In this study, the ovarian stimulation characteristics of the patients, including the dosage of Gn, duration of Gn, endometrial thickness on the hCG day, moderate or severe OHSS rates, and luteal support medication, were evaluated. The parameters of oocytes and embryos and pregnancy outcomes, including the number of oocytes retrieved, biochemical pregnancy rate (PR), clinical PR and pregnancy loss rate, were also recorded. Moderate or severe OHSS was diagnosed in women who fulfilled more than one of the following criteria: clinical ascites, hydrothorax, or dyspnoea (exertional or at rest) . Biochemical pregnancy was defined as hCG > 10 mIU/ml two weeks after ET. Clinical pregnancy was defined as an intrauterine gestational sac identified by ultrasonography 30 days after ET. Early pregnancy loss was defined as spontaneous pregnancy loss before 12 weeks. Live birth was considered when a living foetus was born after 28 weeks of pregnancy.

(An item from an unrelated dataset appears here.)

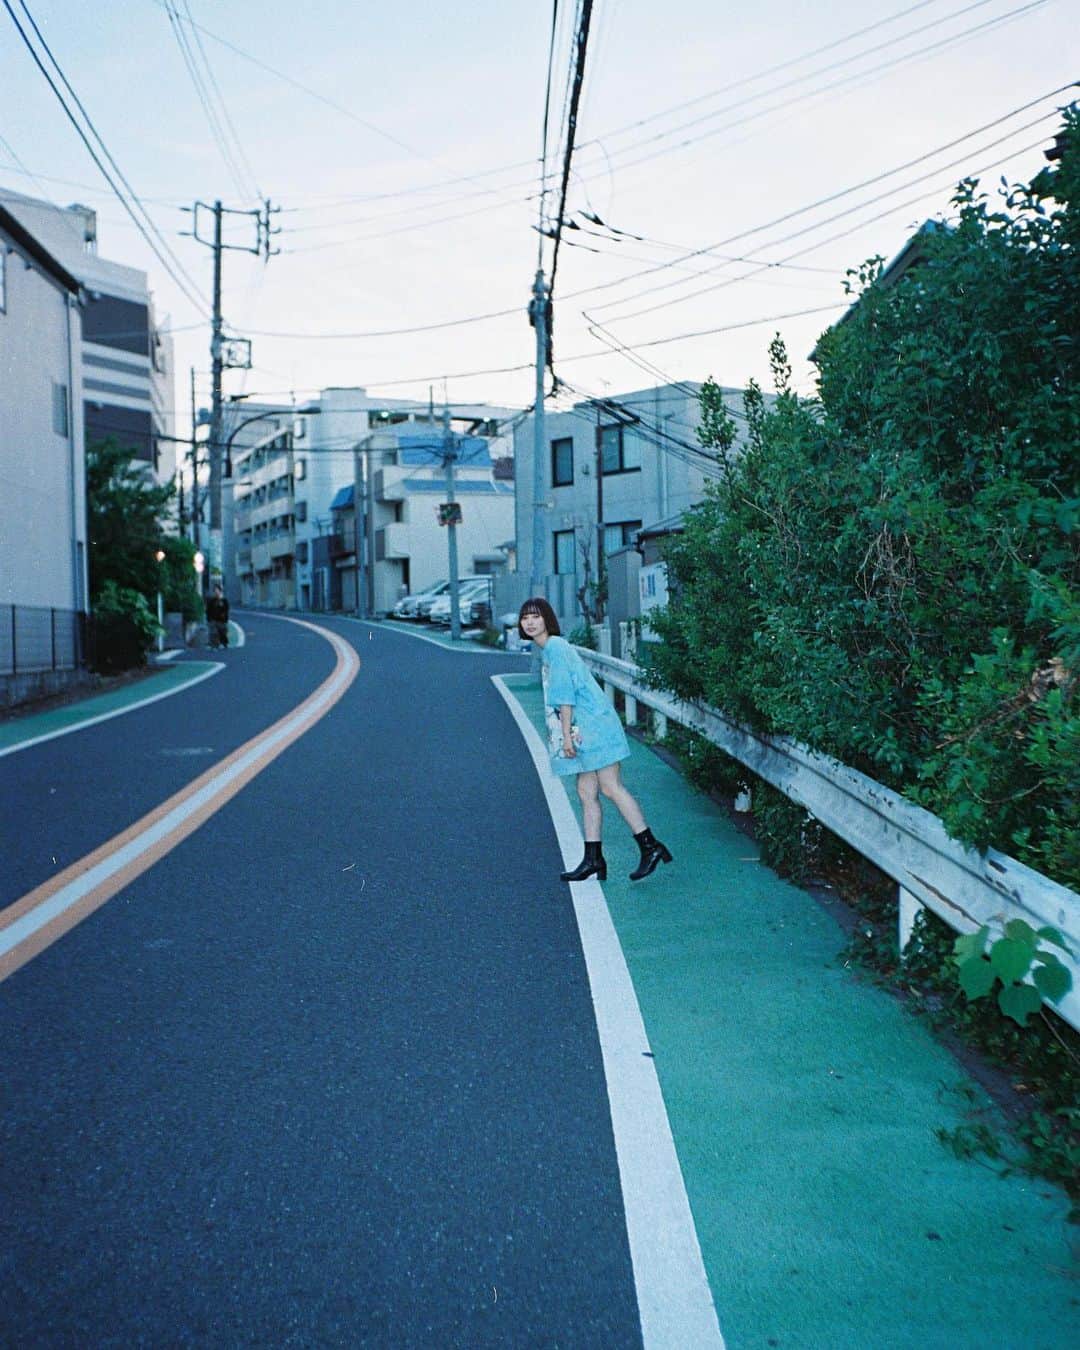 Yuma Takatsukiのインスタグラム：「. . . film . . . . . . 北海道来て毎日写真を撮ってます。 いろいろ勉強にもなるしありがたいな。 ⁡ 明日は5時から撮影なのでがんばります！ ⁡ それでは今日もお疲れさまでした！ . Tokyo／Japan . -----------------------------------------  ITTOKO写真展『ほな、いっとこ！』 vol.4 　　　　　　　　　　　　　　　〜FIND〜  会期 : 2023.06.28(水)〜07.03(月) 時間 : 12:00〜20:00 　　　(初日は14:00~,最終日は18:00迄) 場所 : イロリムラ 2F 〒 530-0016 大阪府大阪市北区中崎1丁目4番15号  ----------------------------------------- . #フィルムカメラで残す日常  . ―――――――――――――――――――――――――― 関西を中心にフリーランスで活動しています。 Web広告、個人撮影、家族撮影、PR撮影など、 6月以降の撮影依頼募集中です。 ⁡ ⁡Yuma Takatsukiオリジナルプリセットも販売中です。 ⁡プロフィールのポートフォリオサイトからご覧下さい。  またフォトサークルITTOKOという活動をしています。 ⁡ハイライトに色んなイベントをまとめています。 ――――――――――――――――――――――――――」

The primary outcome was the LBR. The secondary outcomes were implantation, clinical pregnancy, pregnancy loss, moderate or severe OHSS rates, endometrial thickness on the hCG day, luteal support medication, and neonatal outcomes.
Data are presented as the mean ± standard deviation (SD) or as the frequency and percentage (for categorical variables). Continuous variables were analysed with an independent-sample Student t test. Pregnancy outcomes were compared with the x2 test where appropriate. A multivariable logistic regression analysis was performed to assess significant relationships between two different COS protocols and pregnancy outcomes.
Given the differences in the baseline characteristics between eligible participants in the two groups, PSM was used to identify a cohort of patients with similar baseline characteristics. The propensity score for using different COS protocols was developed on the basis of the following variables: female age, BMI, AFC, AMH, infertility duration, infertility type, infertility factors, number of transferred embryos and embryo transfer day. Matching was performed with the use of a 1:1 matching protocol without replacement (greedy-matching algorithm), with a caliper width equal to 0.01 of the standard deviation of the logit of the propensity score. Covariate balance was assessed in these matched participants by checking standardized differences between the two groups (Y = Depot GnRH-a and Y = Long GnRH-a); we considered a covariate to be well balanced if the standardized difference was less than 0.1. After PSM, between-group differences for all covariates involved in matching were eliminated. Finally, conditional logistic regression was employed to determine the association between these two protocols and pregnancy outcomes in a post-PSM matched population.
All statistical analyses were performed using the Statistical Package for the Social Sciences (SPSS) version 22.0 and EmpowerStats (http://www.empowerstats.com; X&Y Solutions, Inc., Boston, MA, USA). Statistical significance was accepted as a two-sided P value < 0.05. Graphs were generated by using GraphPad Prism version 5.0 (GraphPad Software).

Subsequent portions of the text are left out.